- **Exercise data**:
-=-=-=-=-

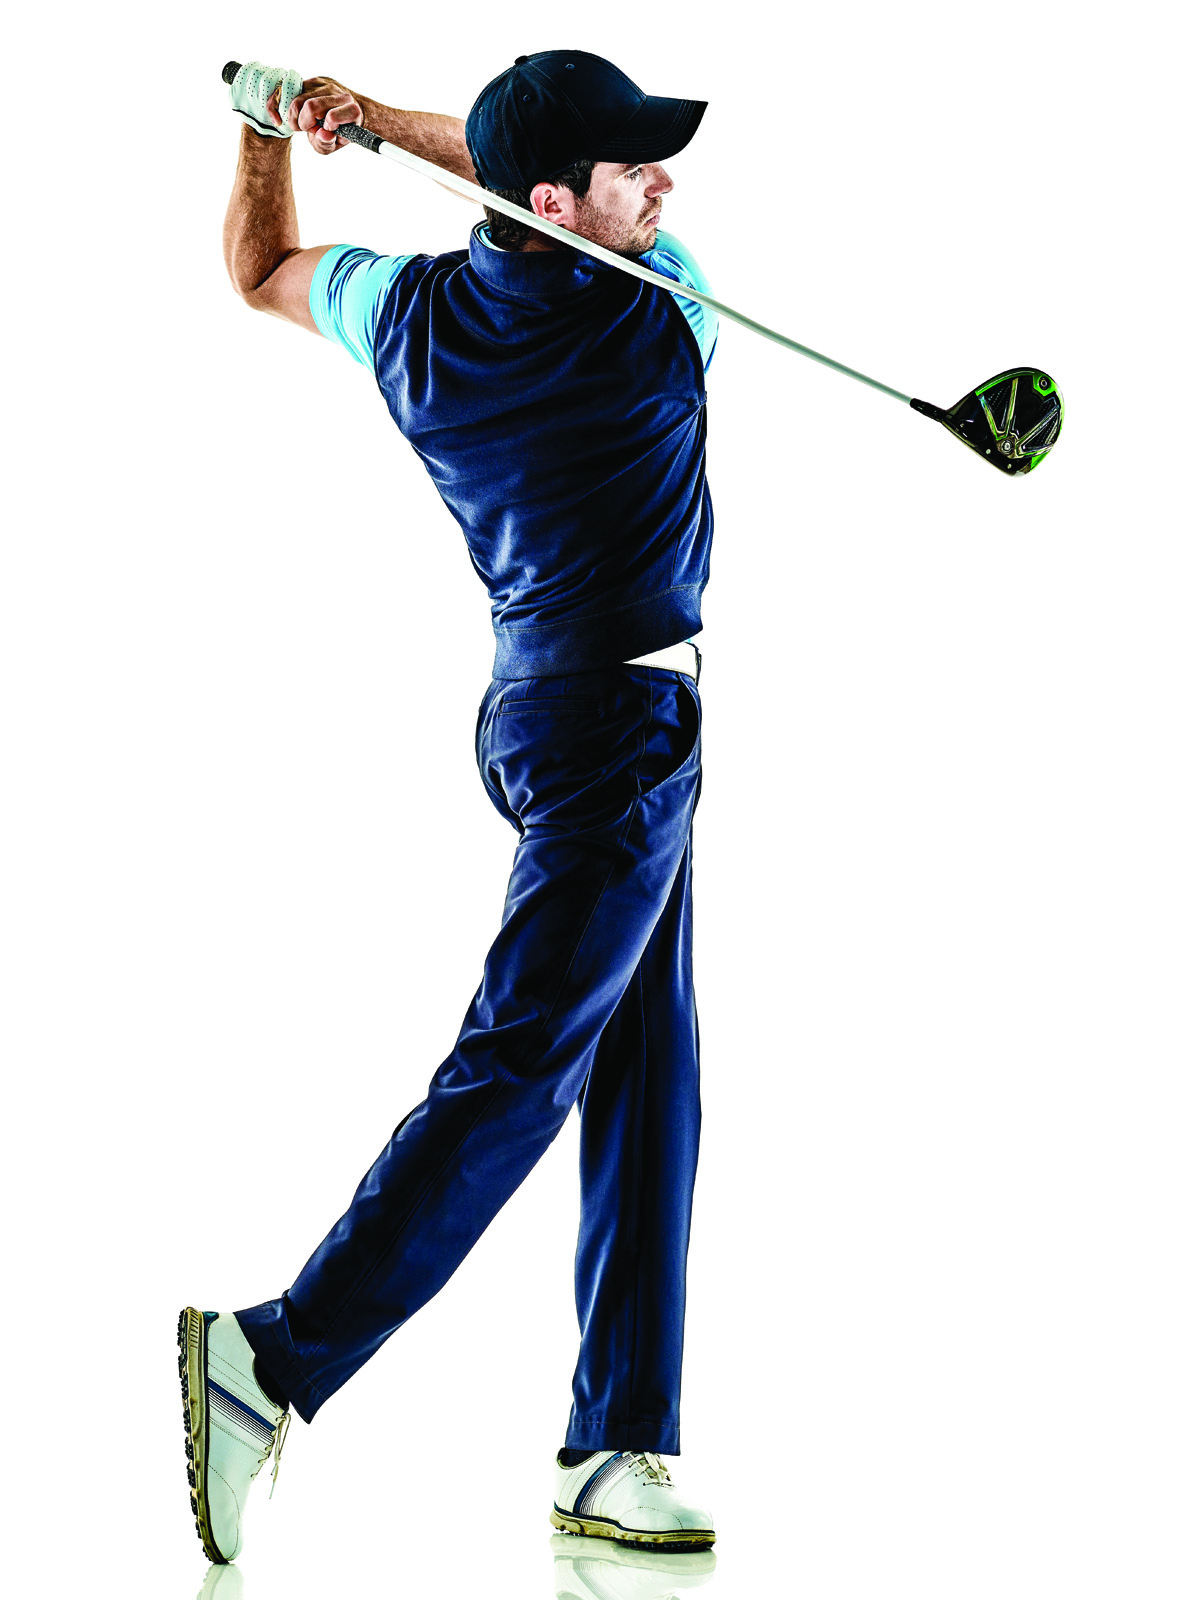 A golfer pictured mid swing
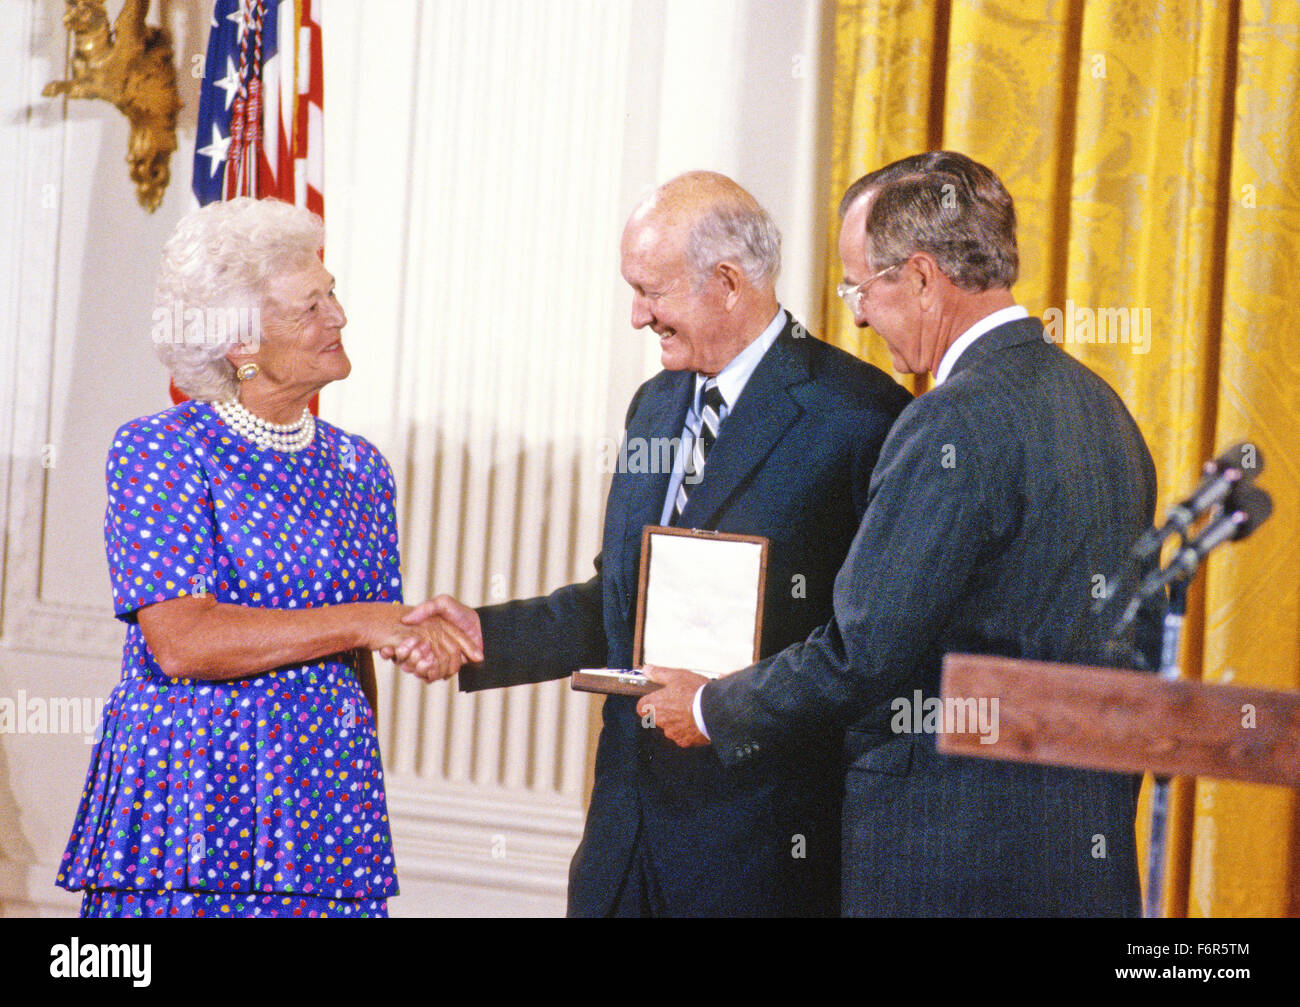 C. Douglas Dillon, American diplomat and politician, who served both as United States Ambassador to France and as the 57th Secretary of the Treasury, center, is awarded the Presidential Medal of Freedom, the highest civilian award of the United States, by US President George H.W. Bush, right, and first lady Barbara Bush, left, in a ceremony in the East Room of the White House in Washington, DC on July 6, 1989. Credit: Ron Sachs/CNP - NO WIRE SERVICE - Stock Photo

-=-=-=-=-

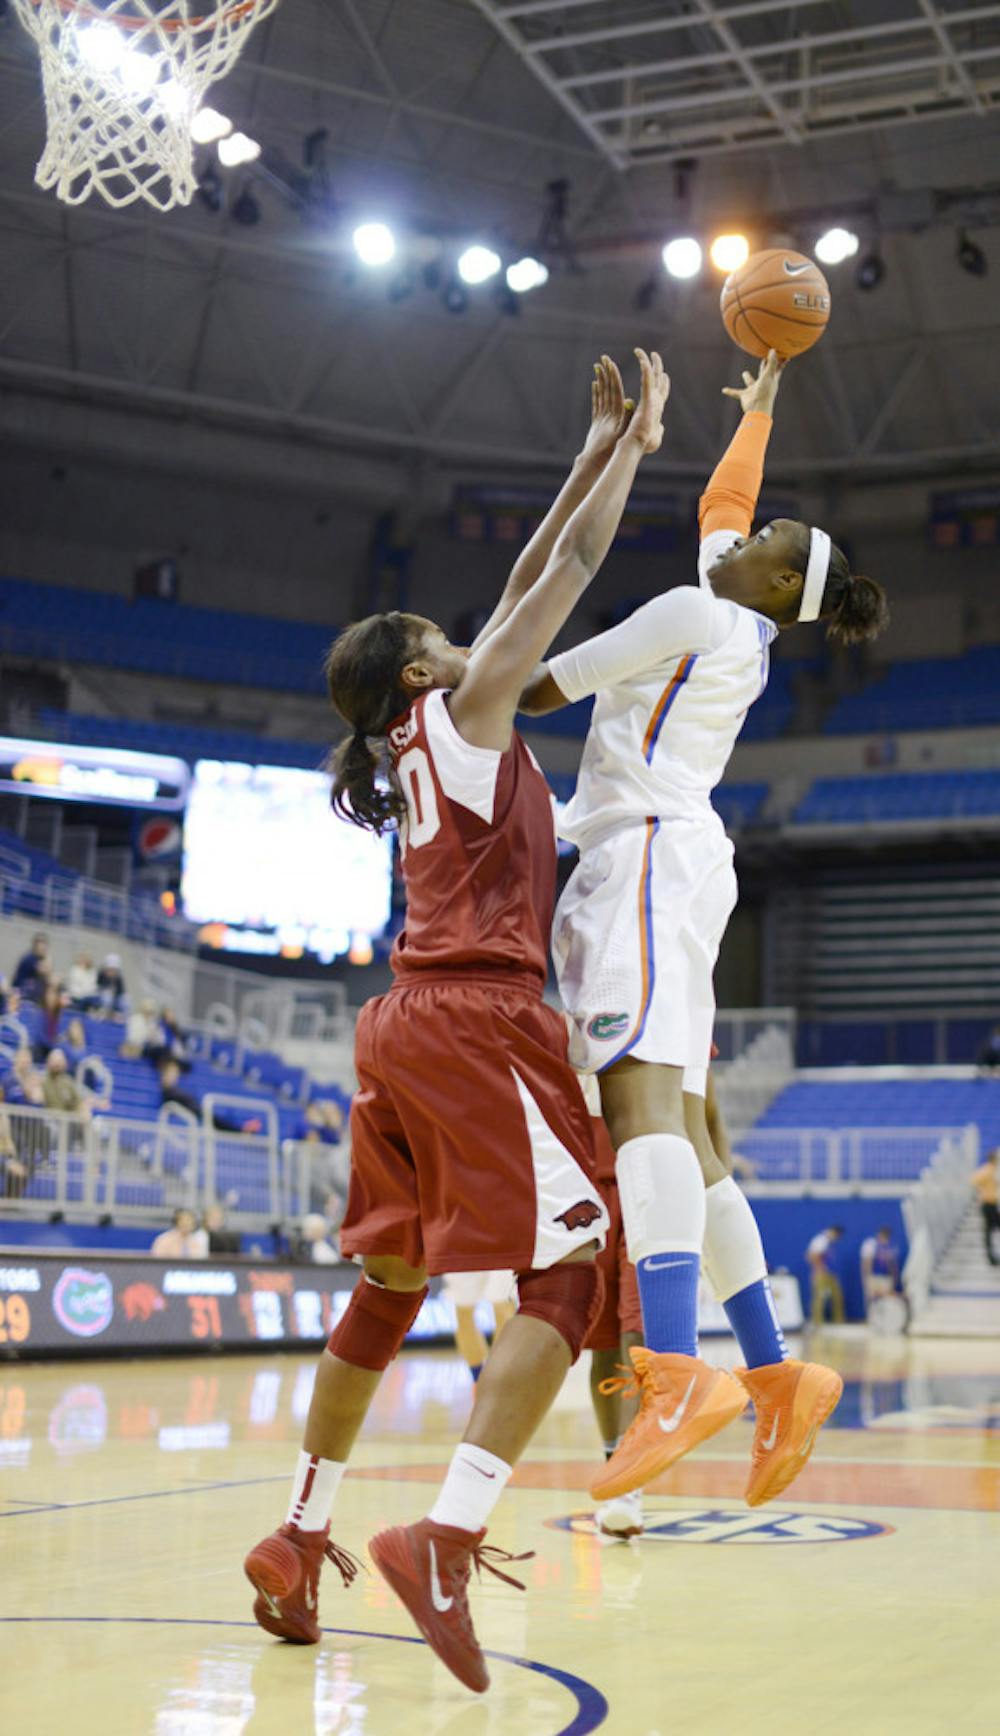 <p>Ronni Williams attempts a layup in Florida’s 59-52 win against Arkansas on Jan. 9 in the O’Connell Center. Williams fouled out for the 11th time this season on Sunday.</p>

-=-=-=-=-

A clean copy is needed of the lines above from the one with "A golfer pictured mid swing" up to and including the one with "C. Douglas Dillon, American". Please set it down exactly, with no pictures.

- **Response for this exercise**:
 A golfer pictured mid swing
 C. Douglas Dillon, American diplomat and politician, who served both as United States Ambassador to France and as the 57th Secretary of the Treasury, center, is awarded the Presidential Medal of Freedom, the highest civilian award of the United States, by US President George H.W. Bush, right, and first lady Barbara Bush, left, in a ceremony in the East Room of the White House in Washington, DC on July 6, 1989. Credit: Ron Sachs/CNP - NO WIRE SERVICE - Stock Photo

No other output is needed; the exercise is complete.